Animal Science, Department of

 

Document Type

Article

Date of this Version

1-10-2023

Citation

Bortoluzzi, E.M.; Goering, M.J.; Ochoa, S.J.; Holliday, A.J.; Mumm, J.M.; Nelson, C.E.;Wu, H.; Mote, B.E.; Psota, E.T.; Schmidt, T.B.; et al. Evaluation of Precision Livestock Technology and Human Scoring of Nursery Pigs in a Controlled Immune Challenge Experiment. Animals 2023, 13, 246. https://doi.org/10.3390/ ani13020246

Comments

Open access.

Abstract

The objectives were to determine the sensitivity, specificity, and cutoff values of a visual-based precision livestock technology (NUtrack), and determine the sensitivity and specificity of sickness score data collected with the live observation by trained human observers. At weaning, pigs (n = 192; gilts and barrows) were randomly assigned to one of twelve pens (16/pen) and treatments were randomly assigned to pens. Sham-pen pigs all received subcutaneous saline (3 mL). For LPS-pen pigs, all pigs received subcutaneous lipopolysaccharide (LPS; 300 μg/kg BW; E. coli O111:B4; in 3 mL of saline). For the last treatment, eight pigs were randomly assigned to receive LPS, and the other eight were sham (same methods as above; half-and-half pens).
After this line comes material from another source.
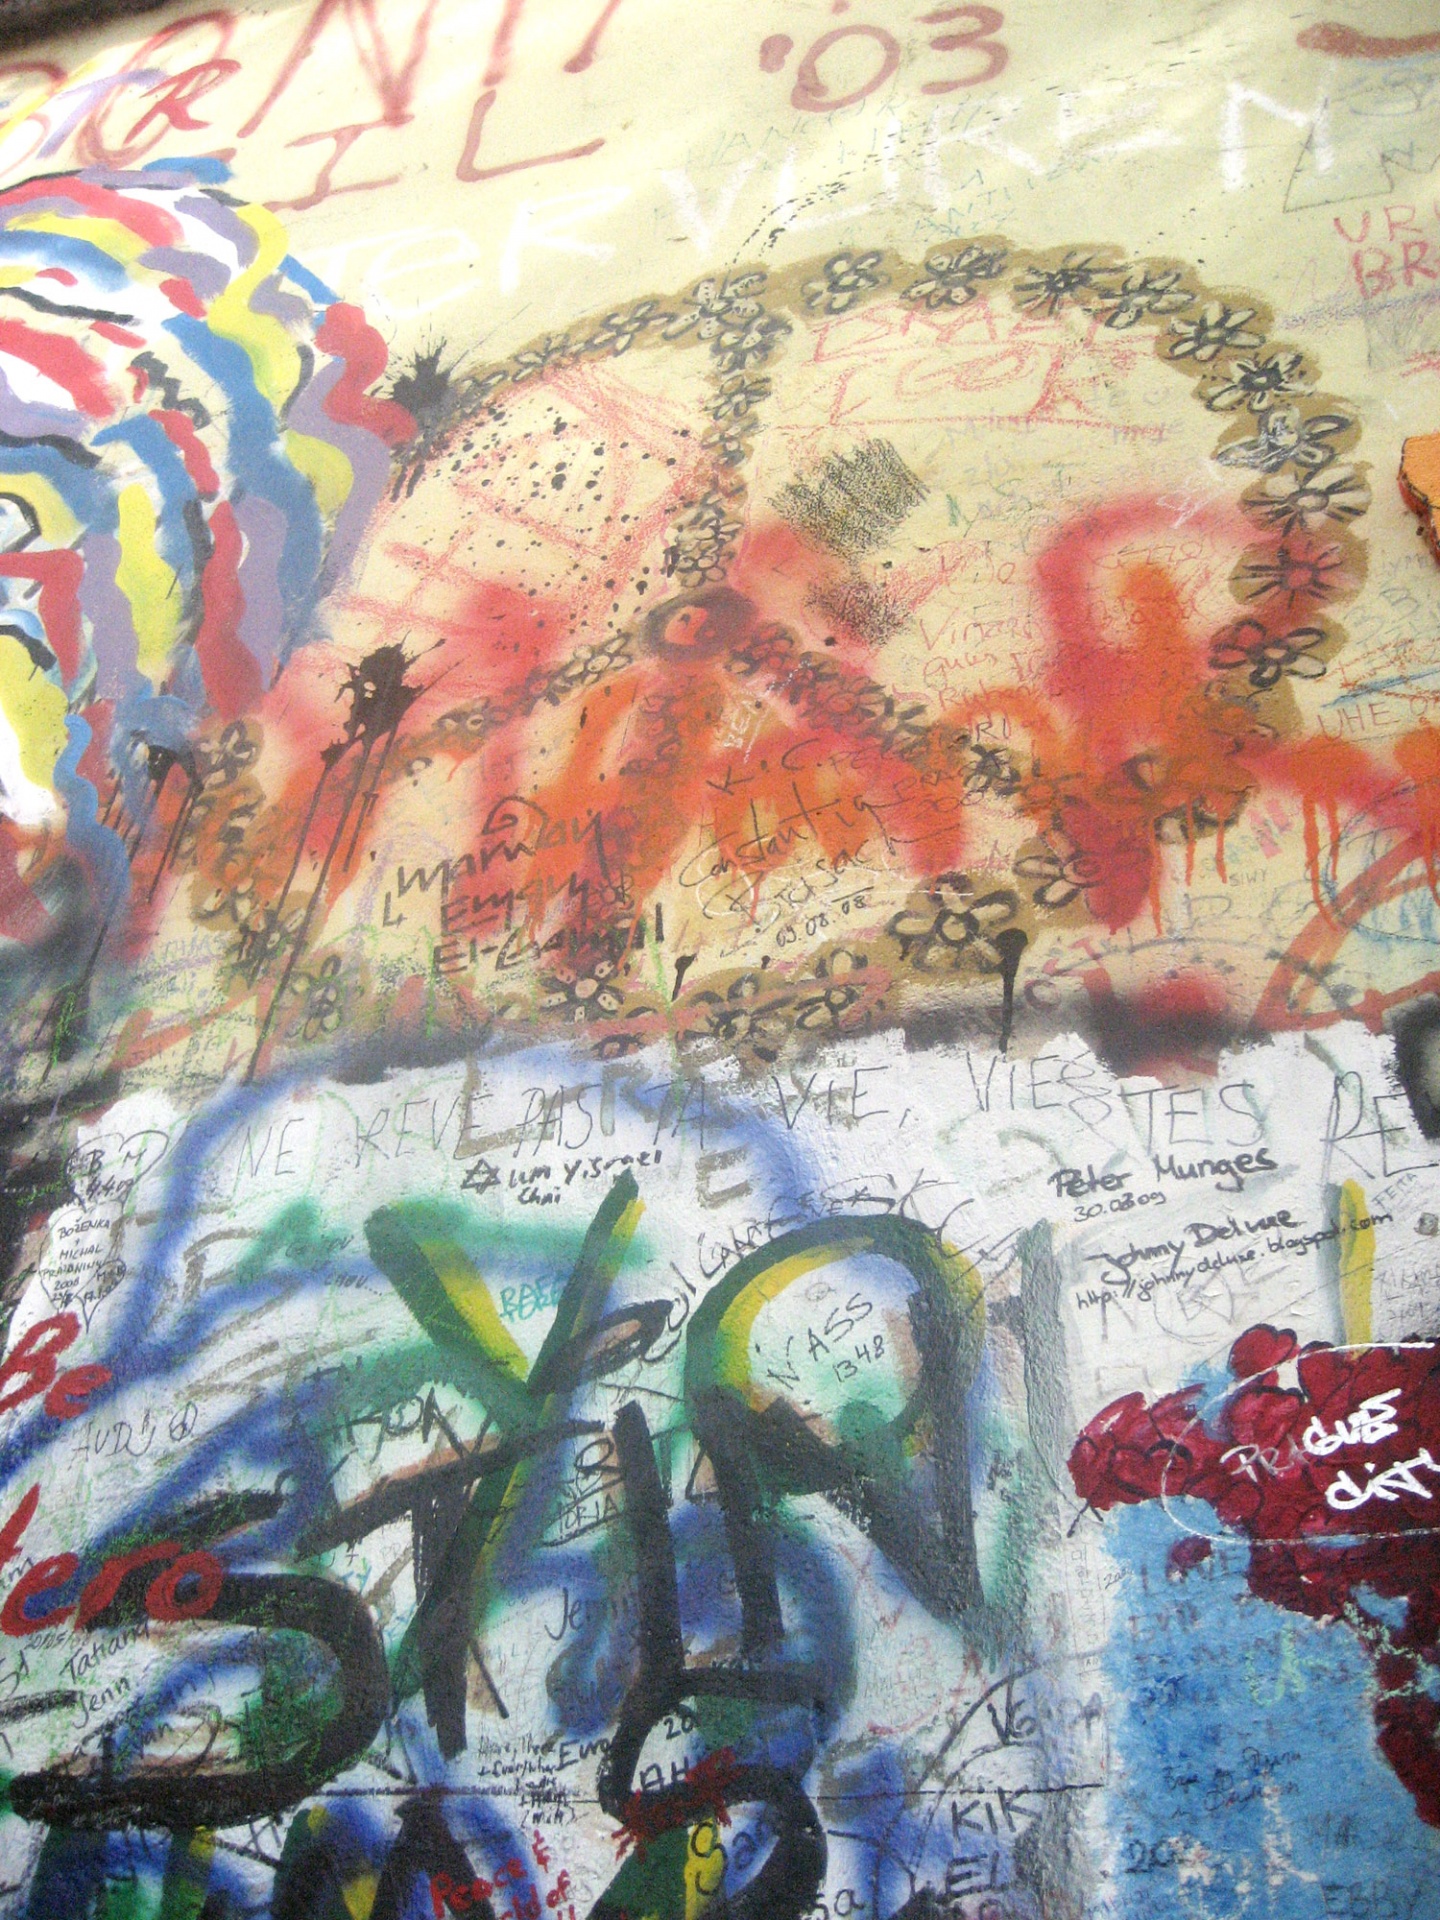 Graffiti Peace
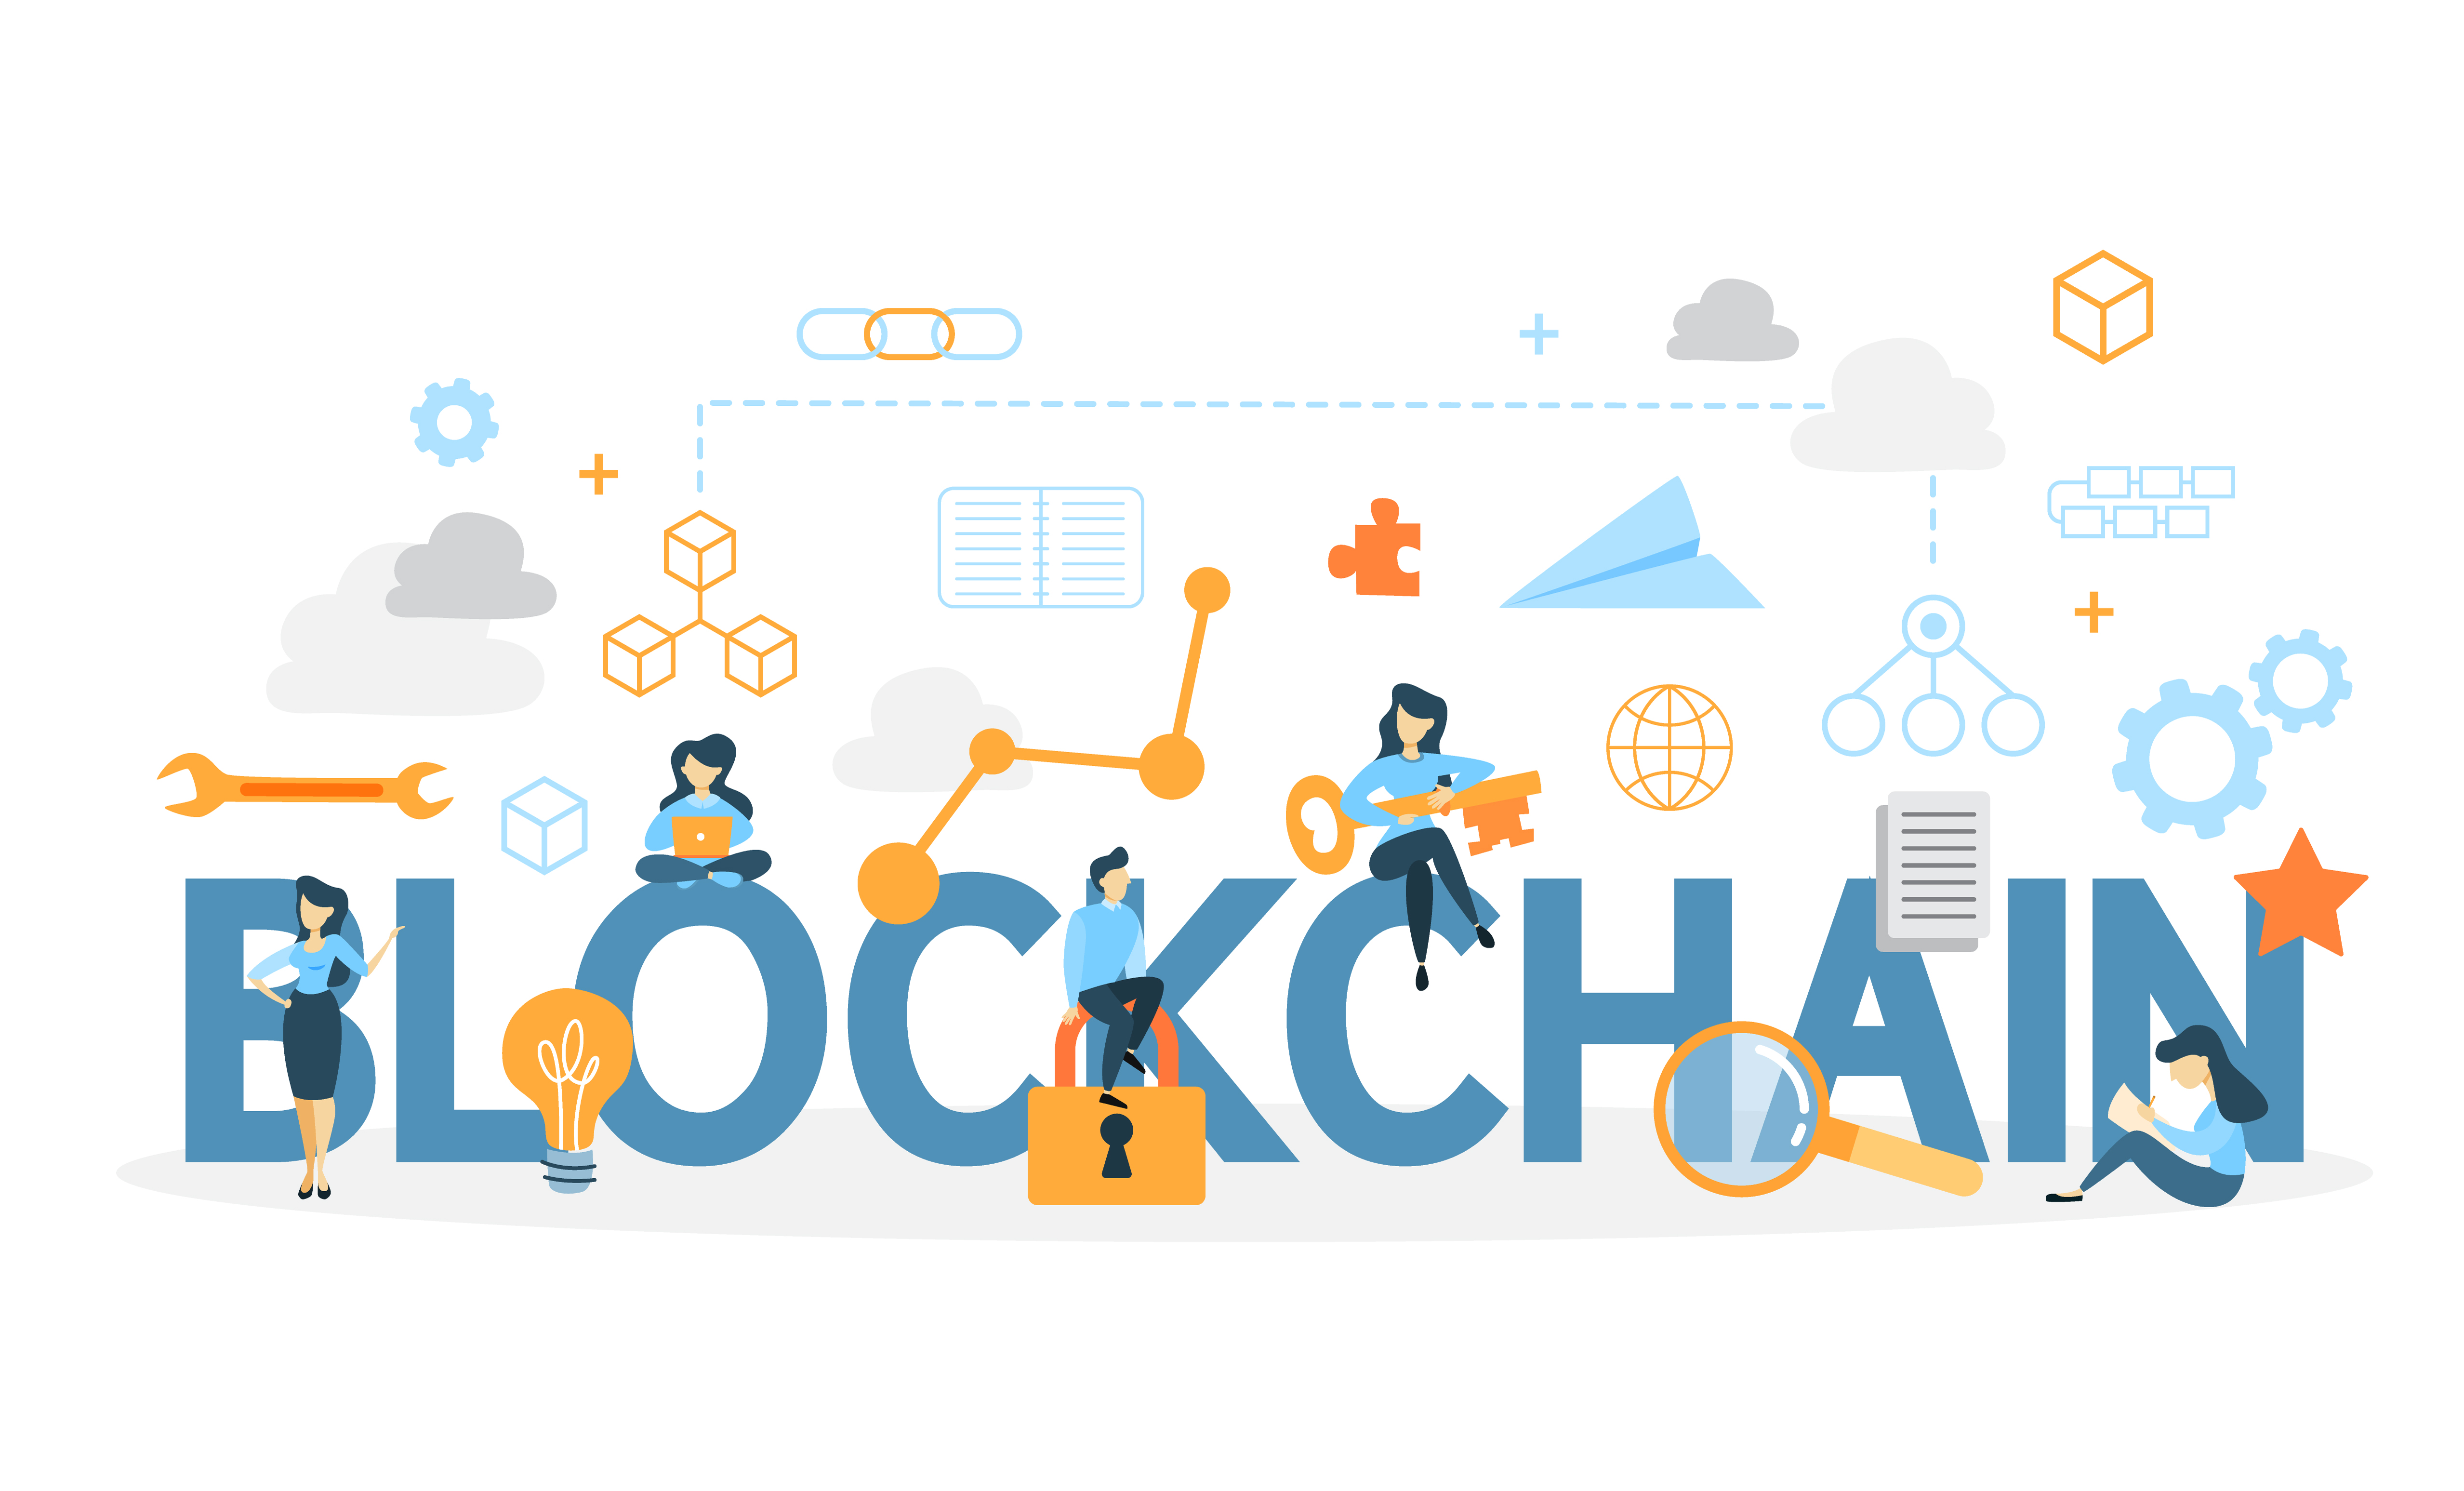 ¿Qué es Blockchain?

Human data from the day of the challenge presented high true positive and low false positive rates (88.5% sensitivity; 85.4% specificity; 0.871 Area Under Curve, AUC), however, these values declined when half-and-half pigs were scored (75% sensitivity; 65.5% specificity; 0.703 AUC). Precision technology measures had excellent AUC, sensitivity, and specificity for the first 72 h after treatment and AUC values were >0.970, regardless of pen treatment. These results indicate that precision technology has a greater potential for identifying pigs during a natural infectious disease event than trained professionals using timepoint sampling.